If you read back over your last several post - you are in a loop Break the damn thing And quit making excuses You fucked up - because you fucked up..., stop it btw..., When I fuck up - its because I fucked up - period ============== Feel free to cuss me out..., call me a prick But once over being pissed about what I said above - fix it..., else it will never get fixed ========================= I will not allow you to back up - either move forward..., or call it quits You've been at this very same place before - last year tax time came along and you had an out No outs J - fix this and move on... Break the loop You know how to trade - your methodology / skills are way past more than adequate Now..., become a damn trader Your prick of a friend RN
J I'm not an expert by any means but it really helped me last week I told RN I didn't know if I was cut out for this and he told me it was my decision I decided to keep trying because I had not really followed my plan . I knew my plan made money so I concentrated on keeping my losses small and it has helped me tremendously . I know I still need to work on my entries and letting my winners run but now that I trust myself to cut my losses its been a lot less stressful.
LOL. Of course I'm not pissed at you for offering an honest opinion and tons of advice, help and patience. And you're right I fucked up. I know that. There's no quitting so I will have to move forward. Geezus, it's just patience and objective focus. I can do that. Thanks RN. Your struggling trader of a friend, soon to be consistent trader of a friend, jas
Great thread here Jas. Great of RN to be so helpful. I just wanted to encourage you. I read something a while back in this thread from RN, who stated something along the lines of "it's time you walk right up to the edge of that cliff, knowing full well there's an abyss, and trust that you won't fall into it". I'm brand spanking new here. But even noobs can encourage. You get to decide what to do, as scary and torturous as it sounds. Sometimes in life, when we, with trust, approach something that's impossible, incomprehensible, we have to take one step forward, and die to ourselves.
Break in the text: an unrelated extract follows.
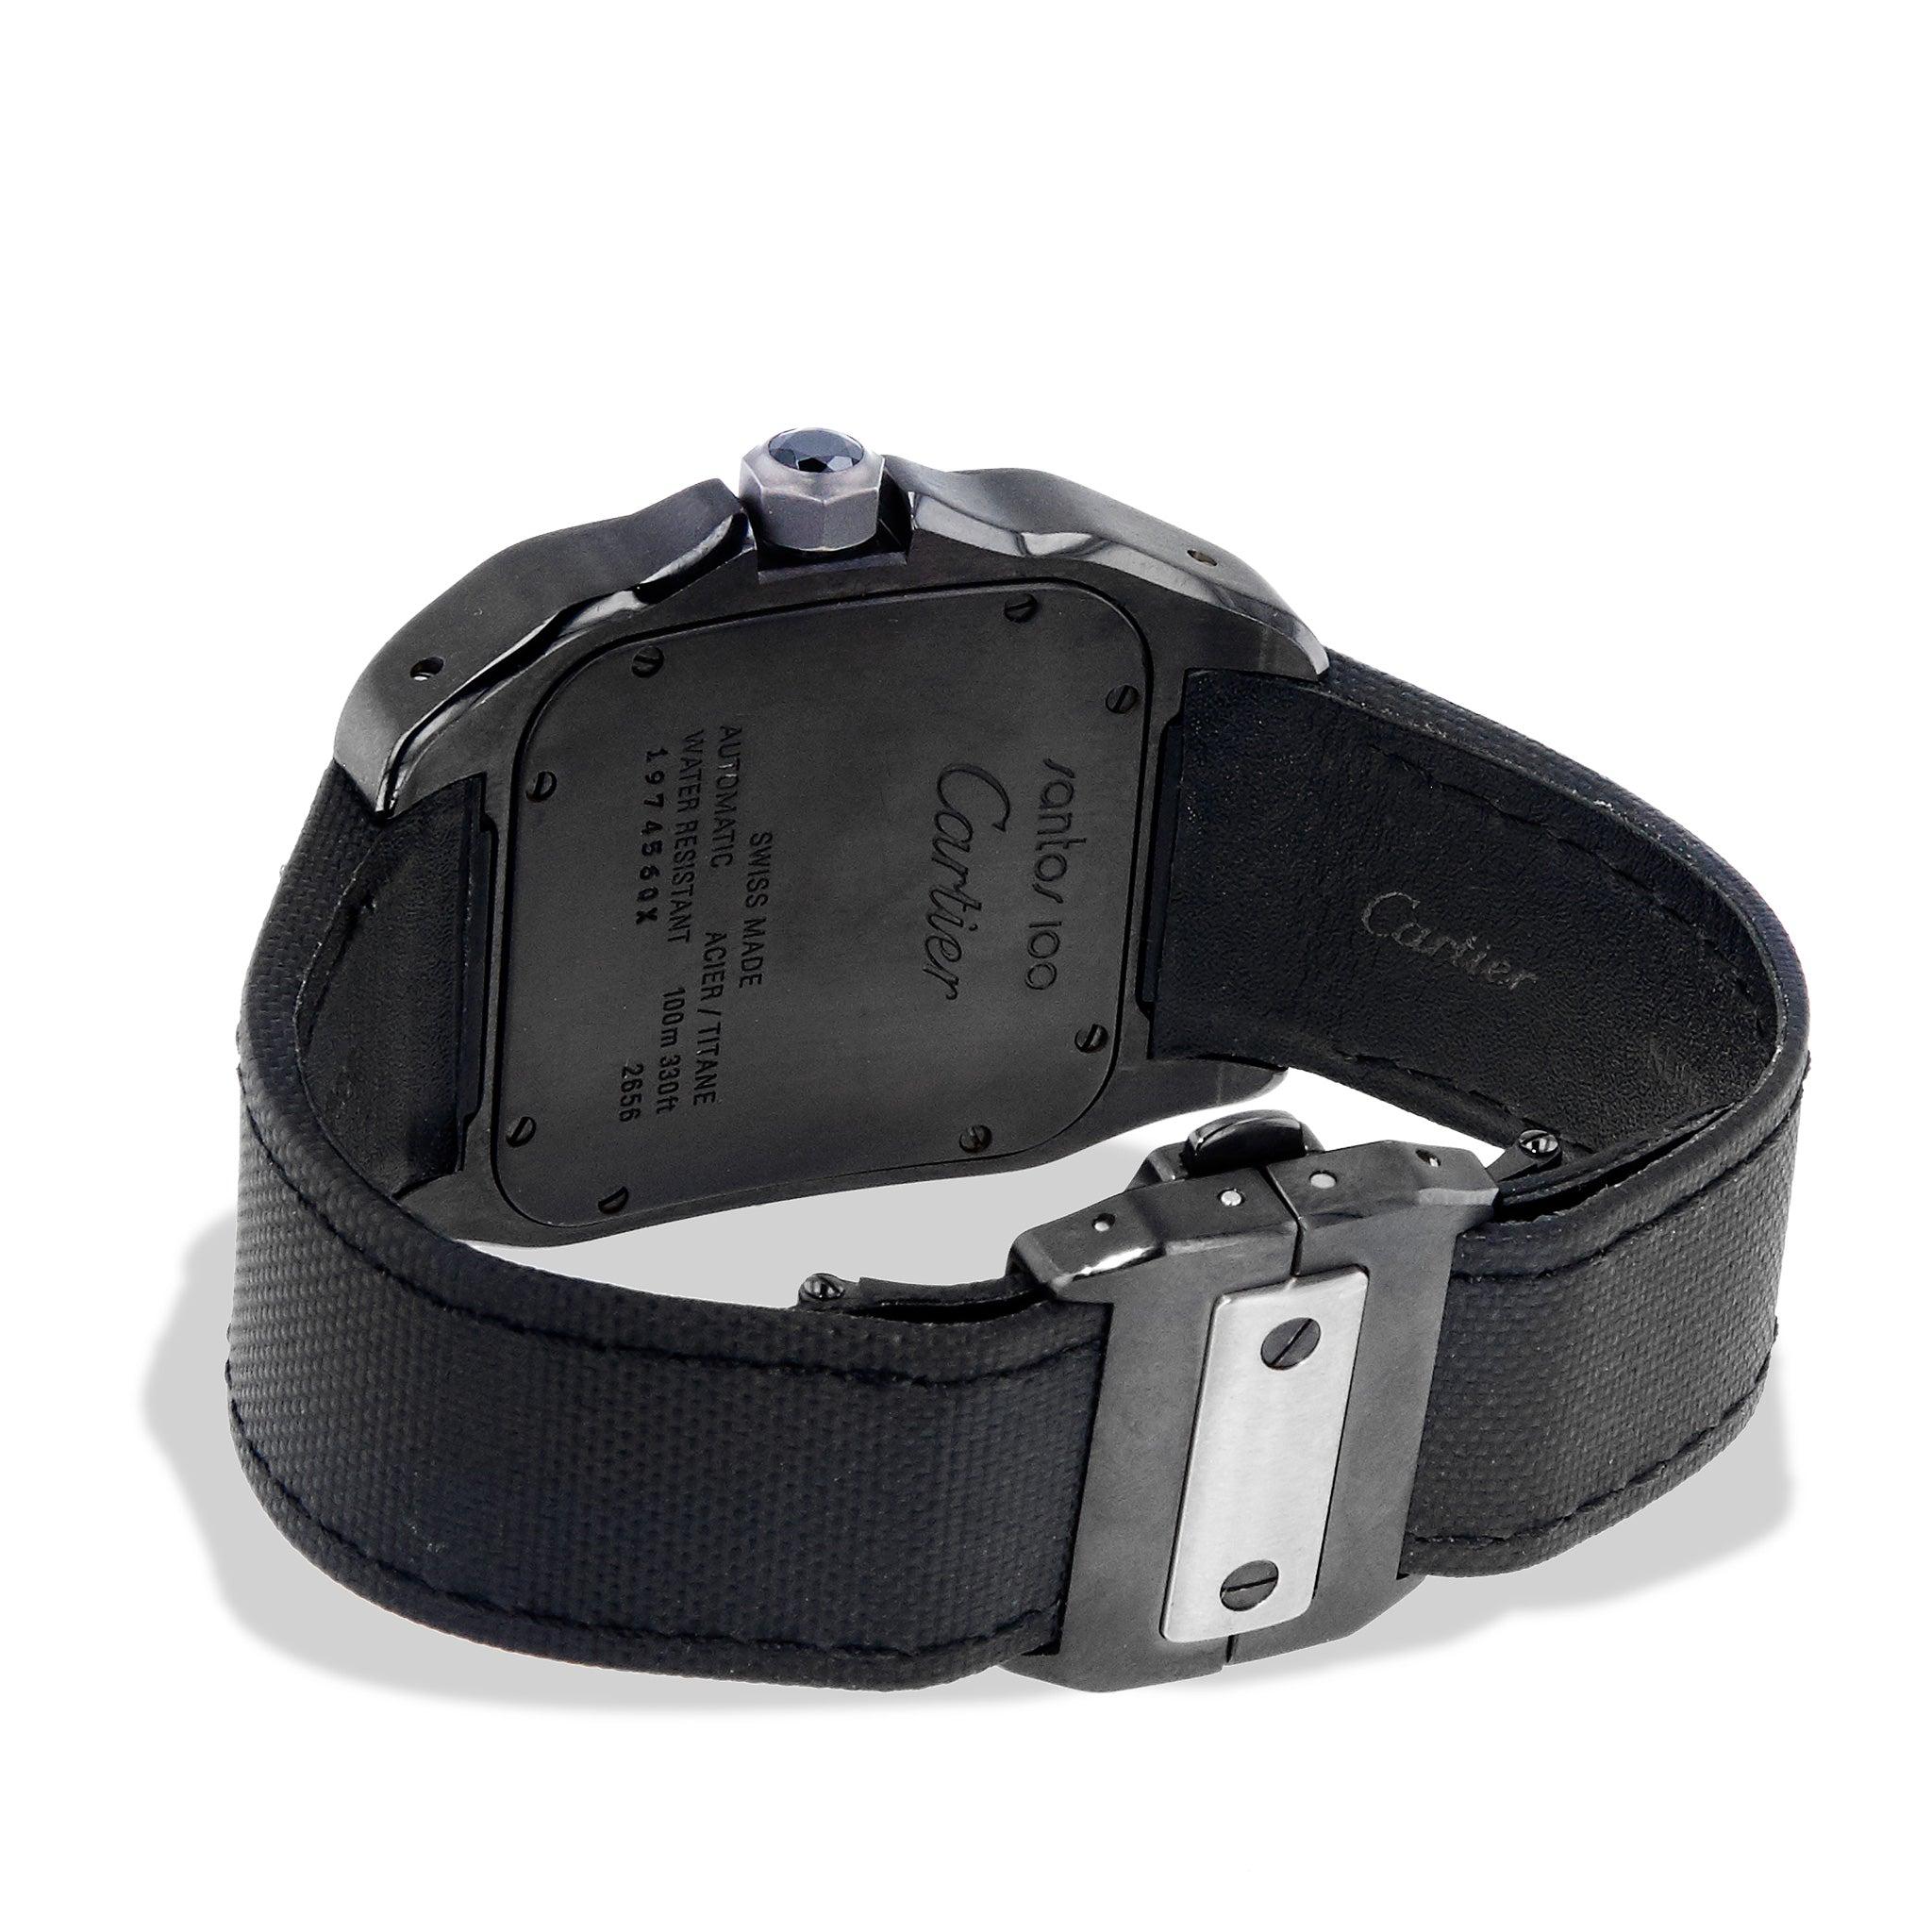 Die Cartier Santos Large 100 Estate Watch besteht aus schwarzem Stahl und Titan.  Ursprünglicher Verkaufspreis von $8.500. Modellnummer: W2020010, Seriennummer: 197456QX. Dieser Zeitmesser misst 51,1 mm mal 42,60 mm.
Cartier Santos Large 100 Estate

Your choice, and I think you'll ultimately surprise yourself, should your choice be right. Keep on man. Or don't. But here we are. BTW --> Where are all the damn charts around like thread 70? Here and in SLUGARS, great conversation, about charts, that don't exist. ARGH.
thanks Slugar. Glad to hear you're making progress and sticking with it. I'm fine at cutting losses. Too good in fact. I need to give my trades a bit more time in certain situations. It's a bad habit I need to break. I've been able to do it before(hold when I'm supposed to) but not consistent yet I guess.